Cross-site scripting is the bug that refuses to die, and the reason is simple: it is not one bug, it is a thousand tiny variations of the same betrayal. The application takes something you typed and puts it back on the page without checking whether what you typed was words or weapons.
xss-probe is my reflected-XSS detector, and the hard part was never finding reflections. The hard part is making a script smart about context, because a payload that works in one place is harmless in another.
This is the part most naive scanners get wrong. When your input shows up in the page, it lands somewhere specific. Maybe inside the HTML body. Maybe inside an attribute, wrapped in quotes. Maybe inside a <script> block where it is already being treated as code. Each of those needs a completely different payload to break out and execute. A scanner that fires the same <script>alert(1)</script> everywhere misses three quarters of the real bugs because it never asked “where did my input actually land?”
So xss-probe looks first. It injects a harmless unique marker, finds where the marker is reflected, works out the context it landed in, and only then picks a payload designed to escape that specific context. It is the difference between a battering ram and a lockpick.
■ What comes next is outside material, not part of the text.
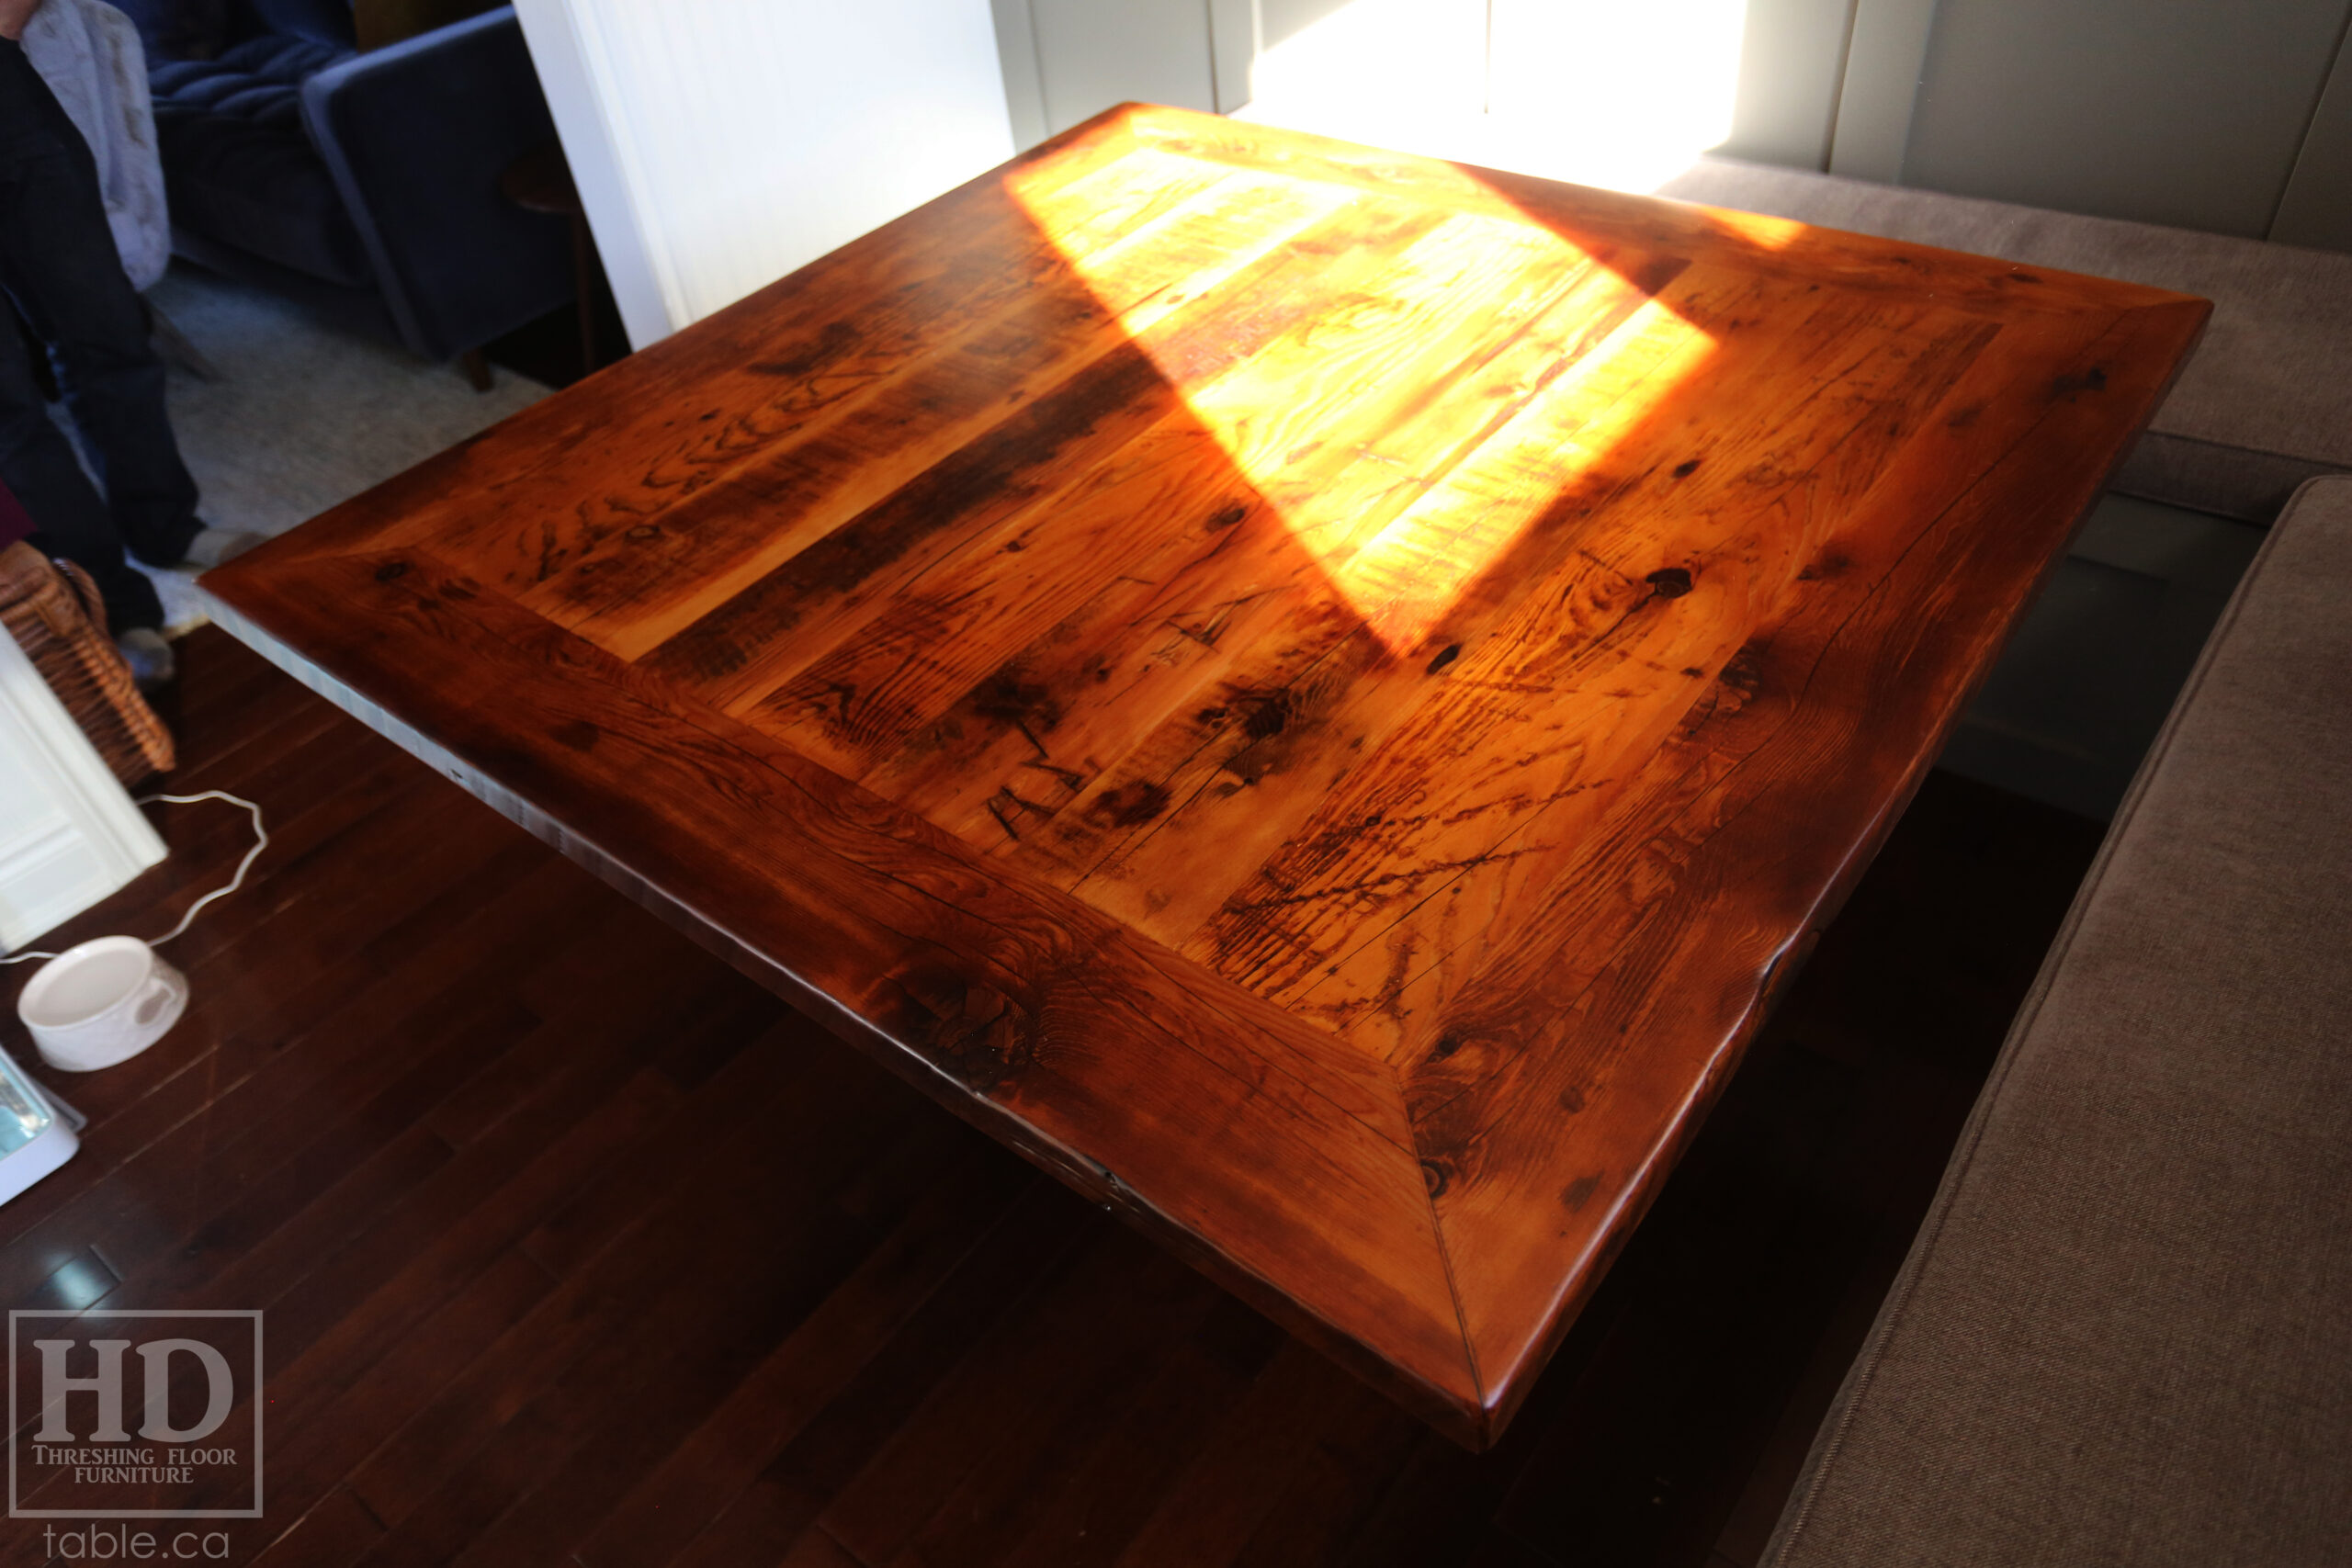 50" x 50" Ontario Barnwood Table we made for a Toronto Company - X Shaped Metal Base - Mitred Corners - Reclaimed Old Growth Hemlock Threshing Floor Construction - Original edges & distressing maintained - Premium epoxy + satin polyurethane finish  - One 18" Leaf Extension - www.table.ca
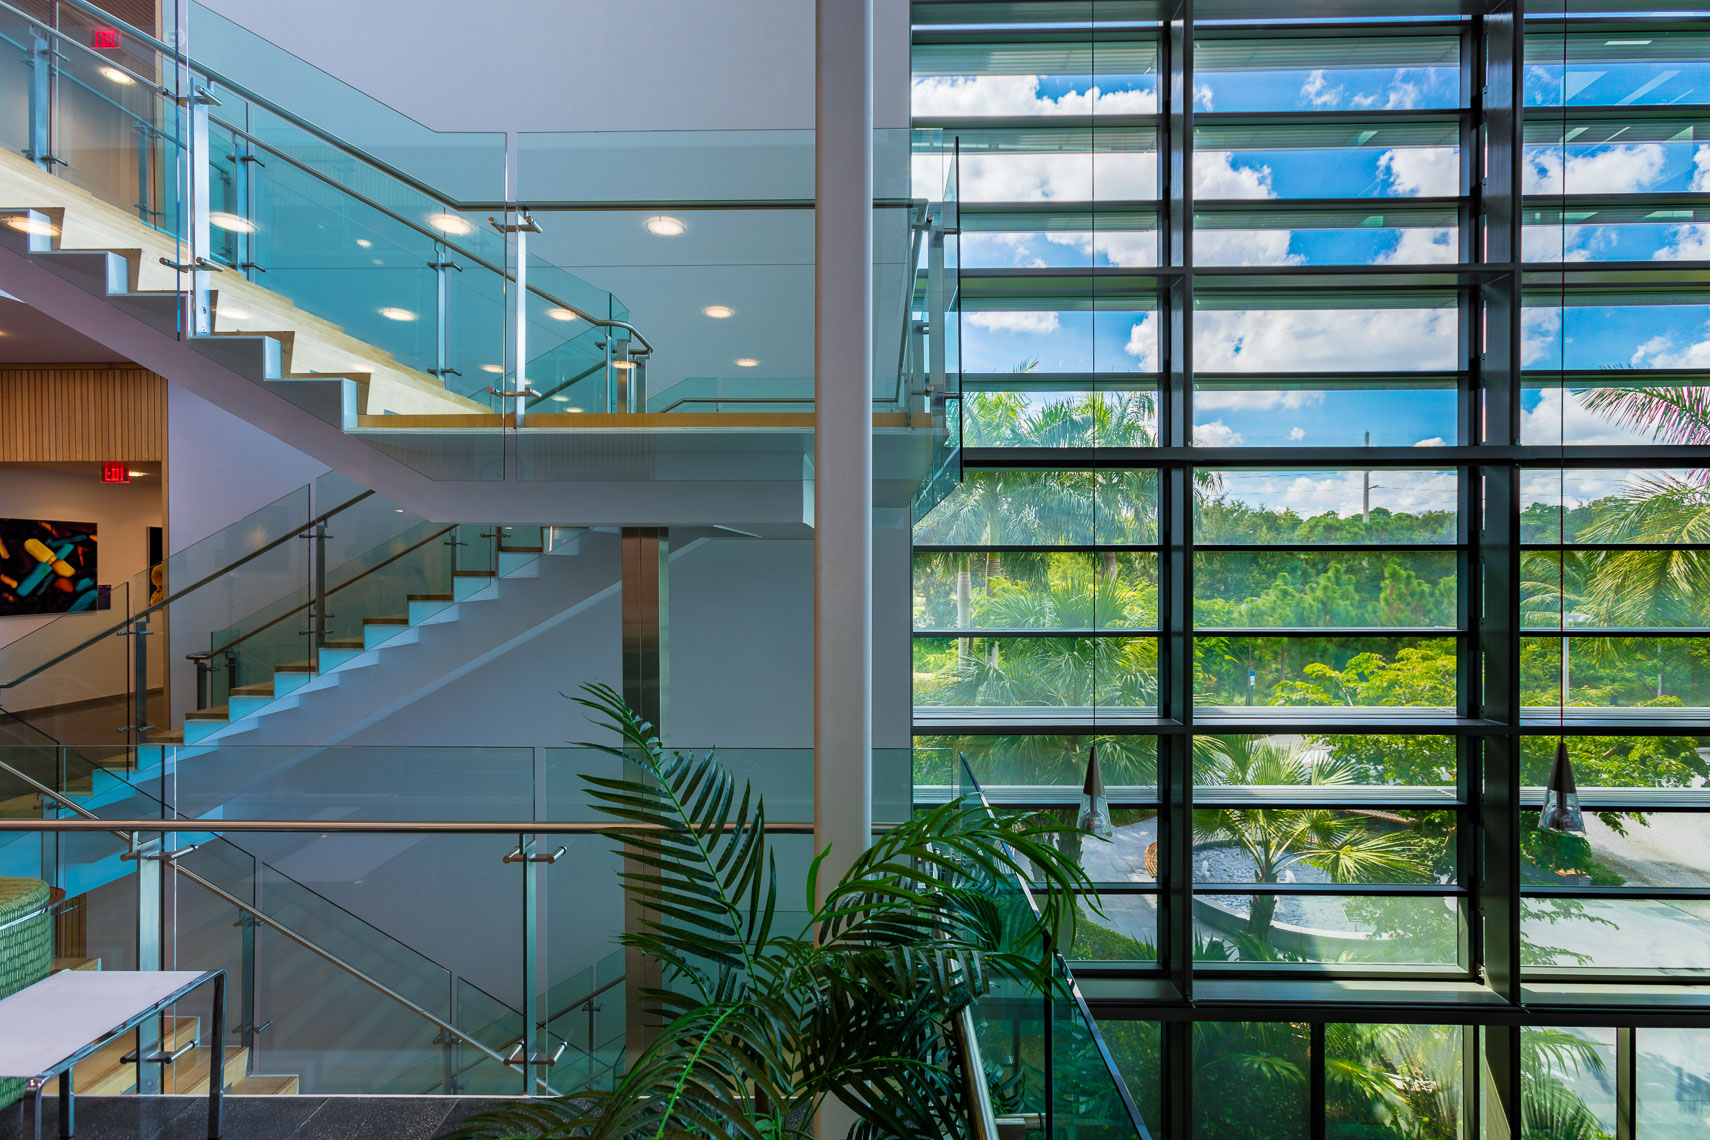 Architectural Interior at Max Planck in South Florida

The battering ram is louder and works less often.
Tested against DVWA and Juice Shop, because those are built to be abused and nobody calls a lawyer. It catches the obvious cases cleanly, and I document the ones it misses, because a tool that lies about its false negatives is worse than no tool at all.
The lesson that is bigger than XSS: the quality of an attack is mostly the quality of your attention. Look at where your input goes before you decide what to send.